Henry Hub bounced up ~4% to US$2.89 on hot US weather.

LNG

Following on the news reported yesterday about the Petronas led Pacific Northwest LNG venture in British Columbia reaching “conditional” FID, there has been a mixed bag of responses.  Naturally the mainstream Canadian politicians are delighted with the potential very large investment coming closer.

However, the First Nations groups who recently rejected a C$1B deal to provide key land access for the project were vocal in their continued opposition.

It is not clear (from this Australian perspective) whether that opposition is just a negotiating tactic – but I suspect it is more complex than that, and therefore consider that an unconditional FID in this calendar year seems optimistic.

A bit closer to home, some new data points on the ongoing evolution (revolution”) in LNG markets:

  • Singapore’s SGX exchange has recently announced a formal plan to create a tradeable LNG pricing point, notionally (not linked to physical deliveries) at Singapore.  This is yet another move by the Island Nation to make itself the centre of Pacific (if not global) LNG trading.
  • However, LNG trading (via spot cargoes) into Japan must have been very thin last month.  Japan’s METI has announced that it will not release any spot pricing data for deliveries into Japan in May, as less than two cargoes were delivered in the month (it has a cut off point of two cargoes for announcing pricing data, no doubt in order to maintain confidentiality).

Governments and fracking

Some movement in the UK on the long delayed Caudrilla shale gas exploration program (the last well was drilled four years ago).  The local Lancashire council planners have given its approval for the exploration to re-start (subject to full council approval).  The Westminster Government is supportive.  However, the population is in my view still not ready for the evils of fracking to blight their green and pleasant land – and likely won’t be for the forseeable future.

Expect protests from Frackman’s English cousins!

Company news – A J Lucas Ltd (AJL)

AJL has a 45% stake in Caudrilla and its share price has responded favourably today to the above news.  AJL has to date spent ~$90M on this venture – not far off its current market cap of ~$100M (which covers all its multiple service business lines).
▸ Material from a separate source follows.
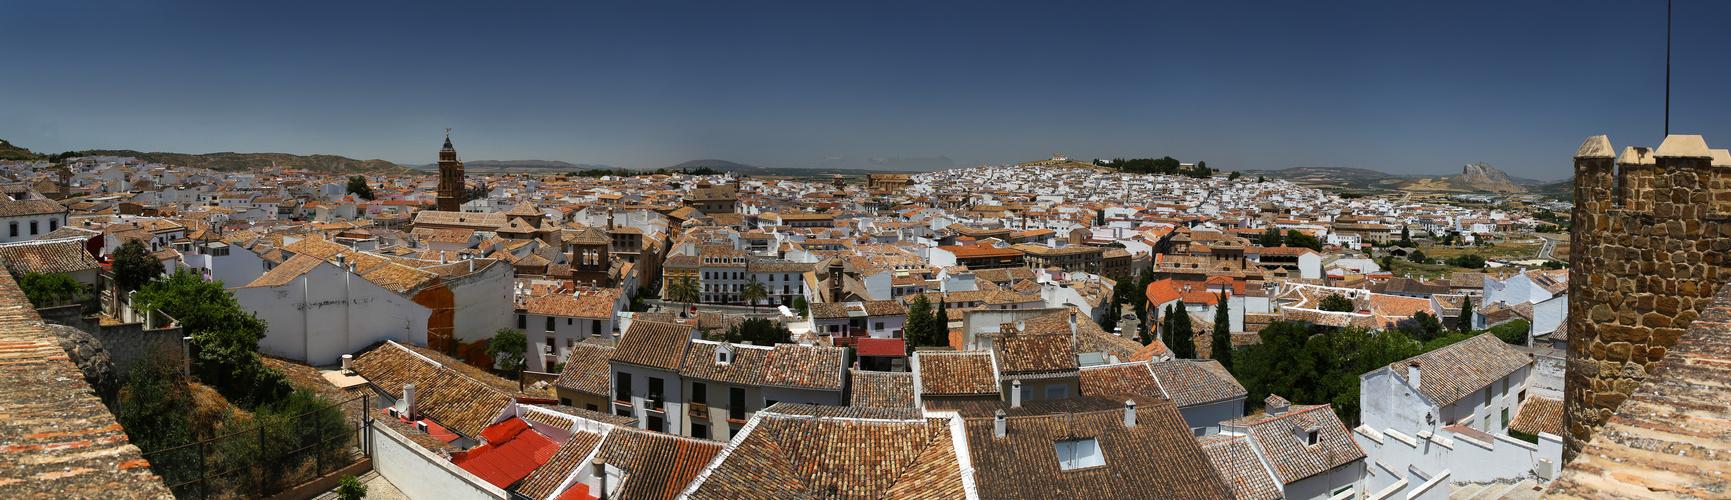 Antequera Panorama

Company news – AWE Ltd (AWE)

AWE has provided the market with another update on its onshore Perth Basin well, Waitsia-1 (held 50/50 with Origin Energy Ltd – ORG).  AWE has advised that the well has identified a gross gas bearing column of 95M with good (conventional) reservoir quality.  Commerciality appears to have been established.

Waitsia-2 will now be drilled whilst Waitsia-1 will be used as a production well.  AWE is aiming for commercial sales to commence in ~one year’s time.

Quote of the day

What I call the Mr Micawber explanation for the current oil price (i.e. a pithy summary in numerical terms for the cause of the current “misery”) – Exxon’s Rex Tillerson in December last year:

“If you take a 1.6 million barrel per day supply growth and put it on top of a 1 million bpd demand growth, you’ve got a surplus of capacity.  You fill storage up, you fill inventories up, at some point it’s got to show up in prices.”